▶ [Material for this task]
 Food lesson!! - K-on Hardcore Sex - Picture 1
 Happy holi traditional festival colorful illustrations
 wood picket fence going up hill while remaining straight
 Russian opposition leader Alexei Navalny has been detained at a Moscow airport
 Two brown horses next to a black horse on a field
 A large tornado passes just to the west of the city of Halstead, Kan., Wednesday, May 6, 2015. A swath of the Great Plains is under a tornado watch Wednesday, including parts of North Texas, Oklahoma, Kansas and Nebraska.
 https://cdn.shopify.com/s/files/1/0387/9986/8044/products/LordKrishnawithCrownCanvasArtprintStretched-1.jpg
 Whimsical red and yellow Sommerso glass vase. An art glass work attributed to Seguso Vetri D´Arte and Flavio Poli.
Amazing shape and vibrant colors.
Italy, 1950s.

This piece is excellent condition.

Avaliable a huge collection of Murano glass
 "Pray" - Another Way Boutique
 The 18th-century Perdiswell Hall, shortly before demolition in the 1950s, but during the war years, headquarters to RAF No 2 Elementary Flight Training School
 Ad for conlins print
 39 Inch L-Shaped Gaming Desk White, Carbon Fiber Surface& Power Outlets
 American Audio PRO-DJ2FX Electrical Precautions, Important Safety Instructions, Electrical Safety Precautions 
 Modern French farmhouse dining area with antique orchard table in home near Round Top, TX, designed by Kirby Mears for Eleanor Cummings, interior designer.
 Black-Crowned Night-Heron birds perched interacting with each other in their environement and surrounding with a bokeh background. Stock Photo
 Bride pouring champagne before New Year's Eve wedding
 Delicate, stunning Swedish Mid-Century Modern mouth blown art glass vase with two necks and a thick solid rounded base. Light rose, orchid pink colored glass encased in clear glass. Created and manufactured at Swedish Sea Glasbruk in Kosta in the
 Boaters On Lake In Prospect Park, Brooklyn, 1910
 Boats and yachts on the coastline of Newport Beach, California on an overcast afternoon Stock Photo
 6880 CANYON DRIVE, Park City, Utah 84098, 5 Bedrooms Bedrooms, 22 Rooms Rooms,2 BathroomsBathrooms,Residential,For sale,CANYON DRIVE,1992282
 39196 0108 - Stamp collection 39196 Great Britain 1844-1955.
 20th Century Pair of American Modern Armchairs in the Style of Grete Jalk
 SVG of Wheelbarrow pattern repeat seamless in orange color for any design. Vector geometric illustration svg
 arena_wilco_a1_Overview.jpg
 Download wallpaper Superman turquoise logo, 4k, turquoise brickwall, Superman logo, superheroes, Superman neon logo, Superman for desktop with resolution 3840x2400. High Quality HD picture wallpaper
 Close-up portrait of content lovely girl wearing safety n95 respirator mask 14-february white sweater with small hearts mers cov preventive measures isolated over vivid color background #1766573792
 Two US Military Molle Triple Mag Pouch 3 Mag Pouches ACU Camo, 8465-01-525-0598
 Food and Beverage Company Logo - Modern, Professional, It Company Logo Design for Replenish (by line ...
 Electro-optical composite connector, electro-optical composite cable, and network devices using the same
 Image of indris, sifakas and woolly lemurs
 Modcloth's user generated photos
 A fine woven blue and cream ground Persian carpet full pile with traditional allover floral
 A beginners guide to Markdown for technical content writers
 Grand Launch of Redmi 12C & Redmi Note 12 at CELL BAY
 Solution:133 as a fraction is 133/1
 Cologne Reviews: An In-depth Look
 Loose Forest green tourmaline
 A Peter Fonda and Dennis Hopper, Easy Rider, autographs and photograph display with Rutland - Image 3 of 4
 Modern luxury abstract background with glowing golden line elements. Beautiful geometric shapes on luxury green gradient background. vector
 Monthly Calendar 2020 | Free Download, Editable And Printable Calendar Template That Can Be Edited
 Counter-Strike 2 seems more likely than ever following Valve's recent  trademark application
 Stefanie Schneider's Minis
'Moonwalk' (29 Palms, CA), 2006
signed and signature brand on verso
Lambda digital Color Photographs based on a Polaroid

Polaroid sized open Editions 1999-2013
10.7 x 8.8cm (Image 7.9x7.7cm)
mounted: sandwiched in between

▶ [What to produce] All that is needed is the exact run of lines above from the line containing "A large tornado" through the line containing "Italy, 1950s.", both of them included.

▶ [Problem solution]
 A large tornado passes just to the west of the city of Halstead, Kan., Wednesday, May 6, 2015. A swath of the Great Plains is under a tornado watch Wednesday, including parts of North Texas, Oklahoma, Kansas and Nebraska.
 https://cdn.shopify.com/s/files/1/0387/9986/8044/products/LordKrishnawithCrownCanvasArtprintStretched-1.jpg
 Whimsical red and yellow Sommerso glass vase. An art glass work attributed to Seguso Vetri D´Arte and Flavio Poli.
Amazing shape and vibrant colors.
Italy, 1950s.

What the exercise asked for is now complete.